- PROVIDED ENTRIES -
○ ○ ○

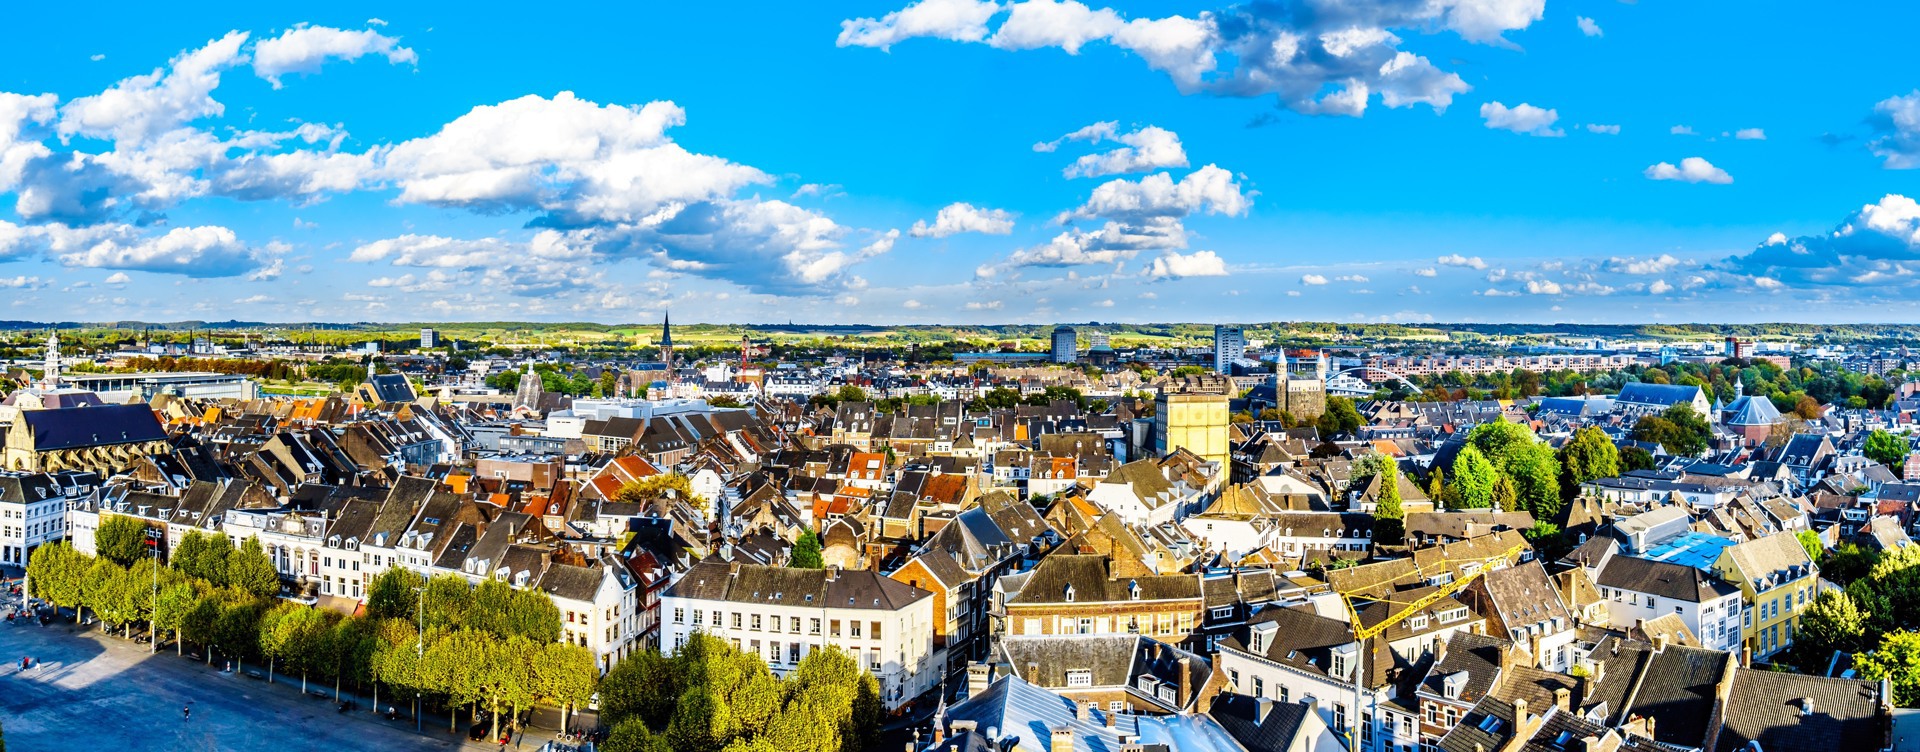 Visit the historic city centre 
of Maastricht
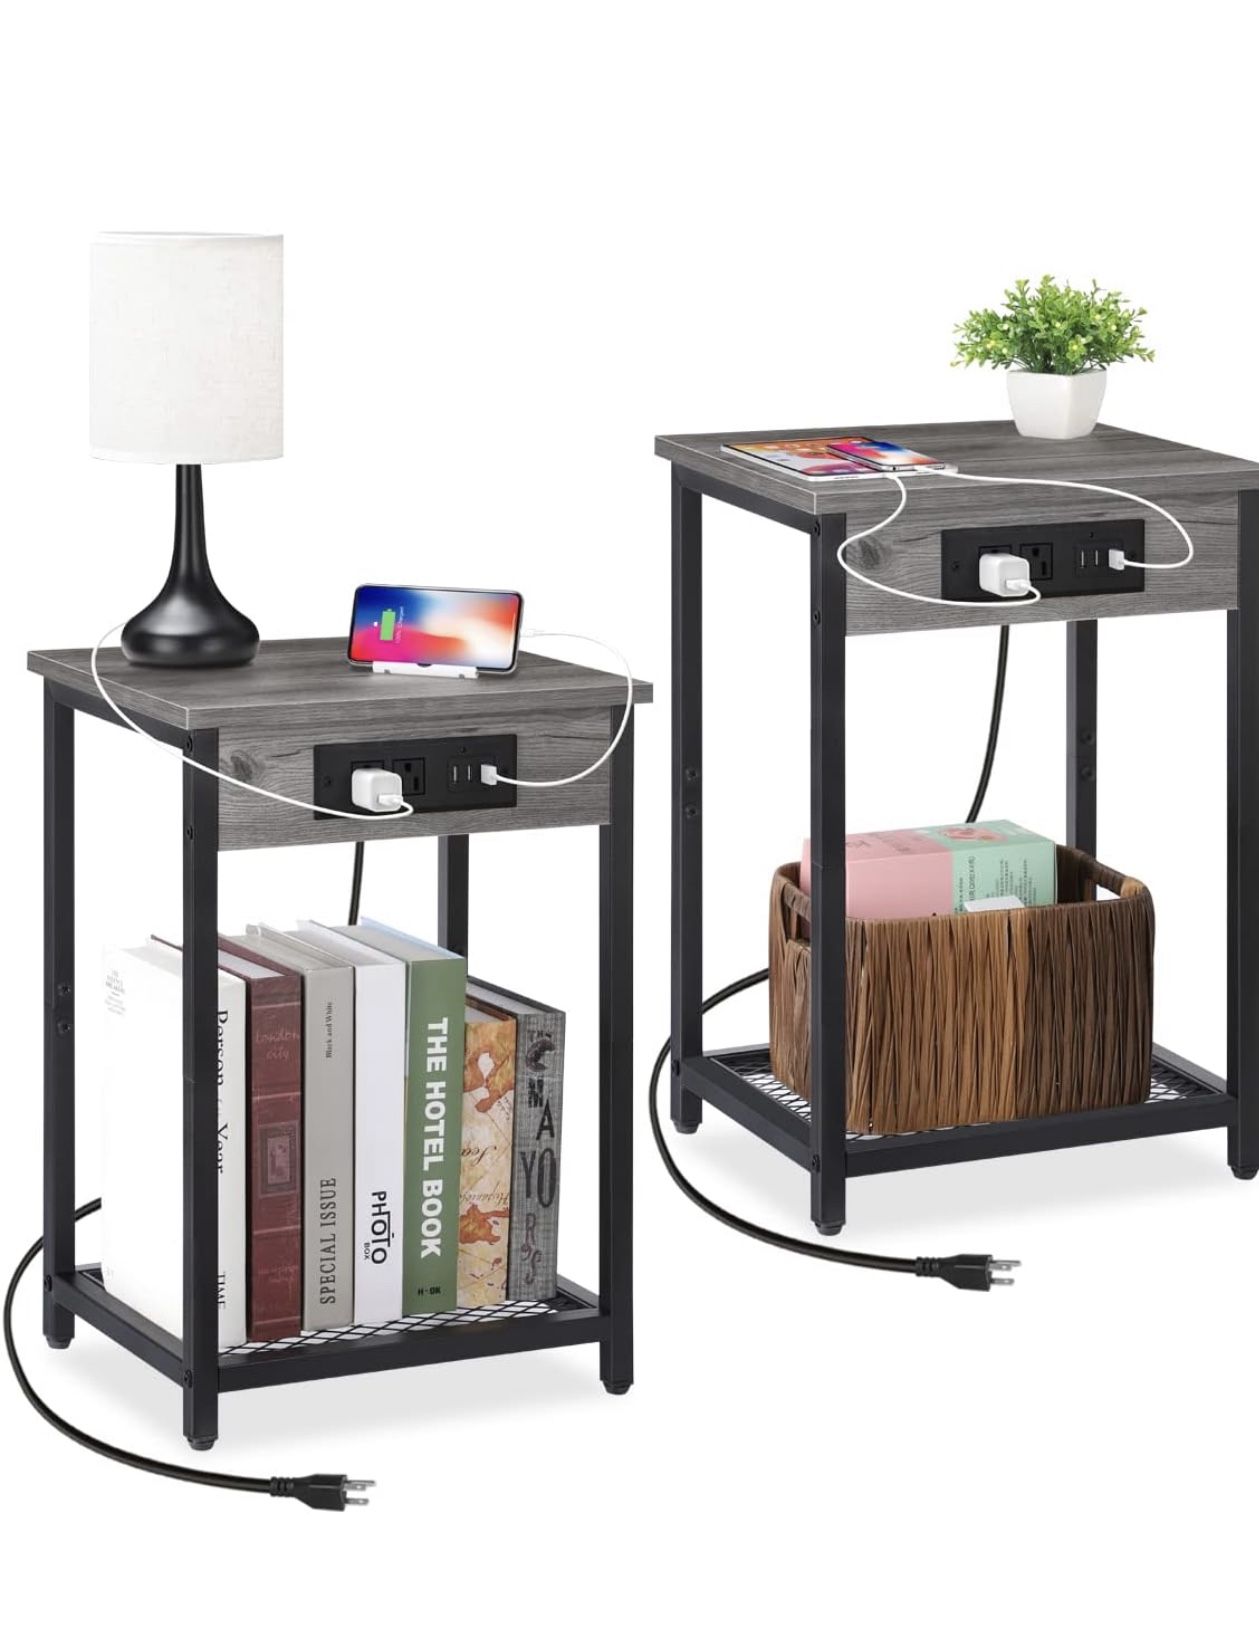 Nightstands 2 with Charging Station, 2 Tier Bedside Table with USB Ports and Outlets, Narrow End Table with Storage Shelf, Side Tables for Room,living
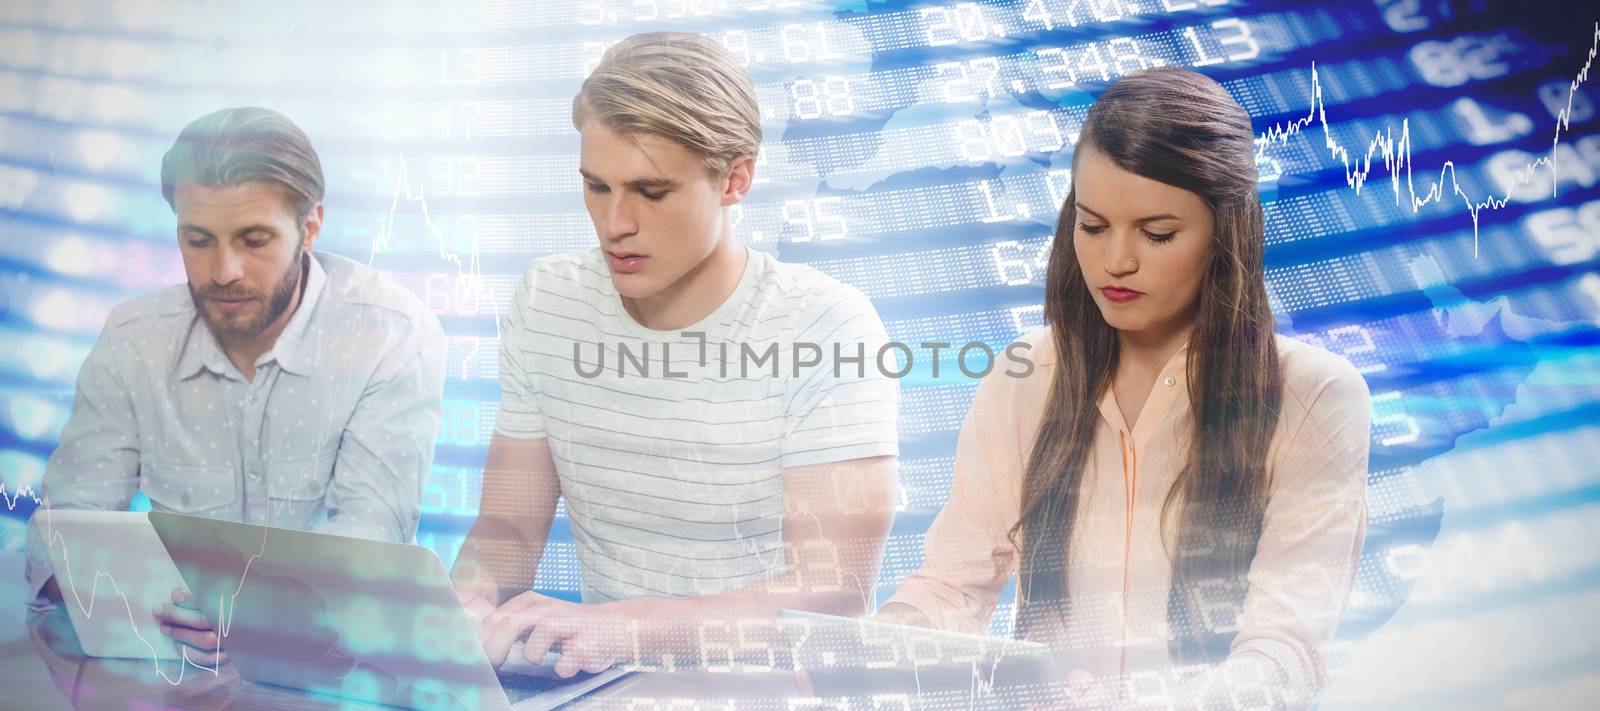 Composite image of focused business people using technology against white background by Wavebreakmedia
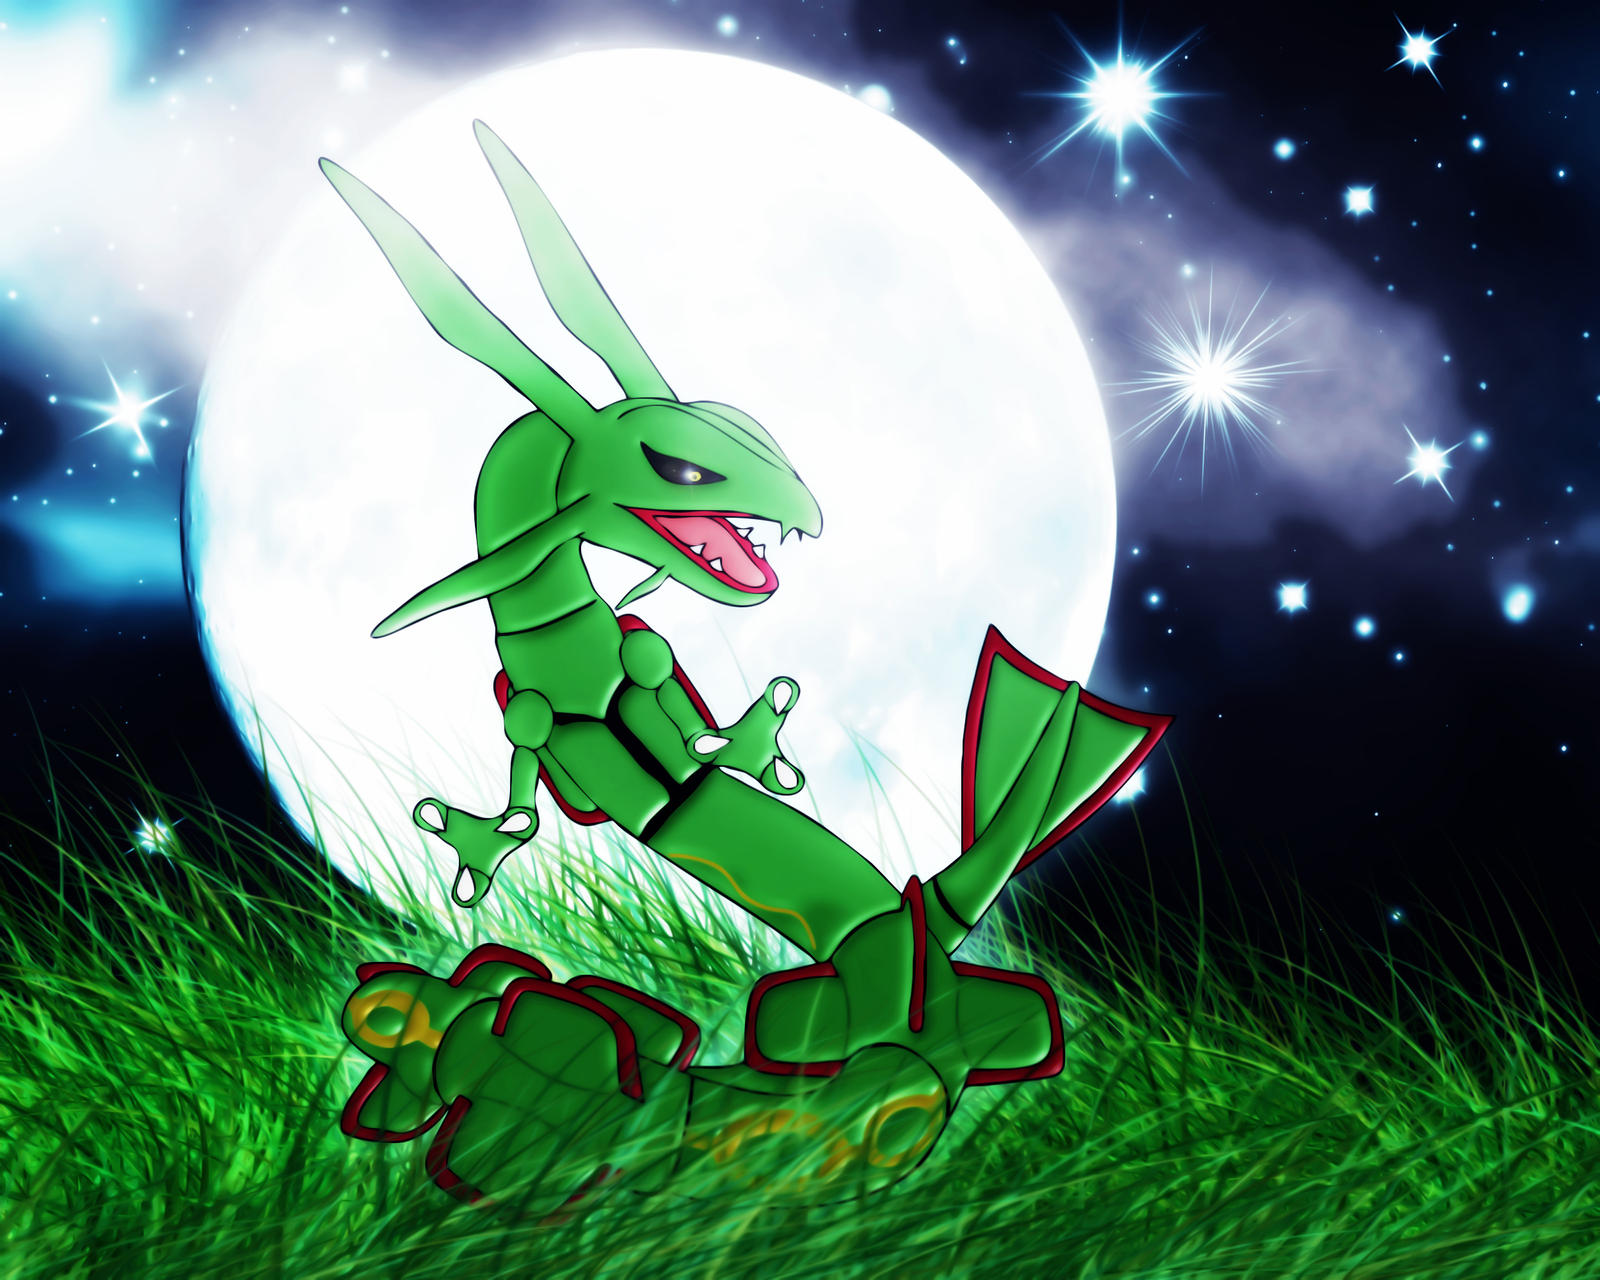 [Image: rayquaza_in_the_moonlight_by_blooddragonx.jpg]

○ ○ ○

- DIRECTIONS FOR THIS TASK -
Copy exactly the lines from the one containing "of Maastricht" to the end of the records, both included, and leave the pictures out.

- REPLY TO THE EXERCISE -
of Maastricht
 Nightstands 2 with Charging Station, 2 Tier Bedside Table with USB Ports and Outlets, Narrow End Table with Storage Shelf, Side Tables for Room,living
 Composite image of focused business people using technology against white background by Wavebreakmedia
 [Image: rayquaza_in_the_moonlight_by_blooddragonx.jpg]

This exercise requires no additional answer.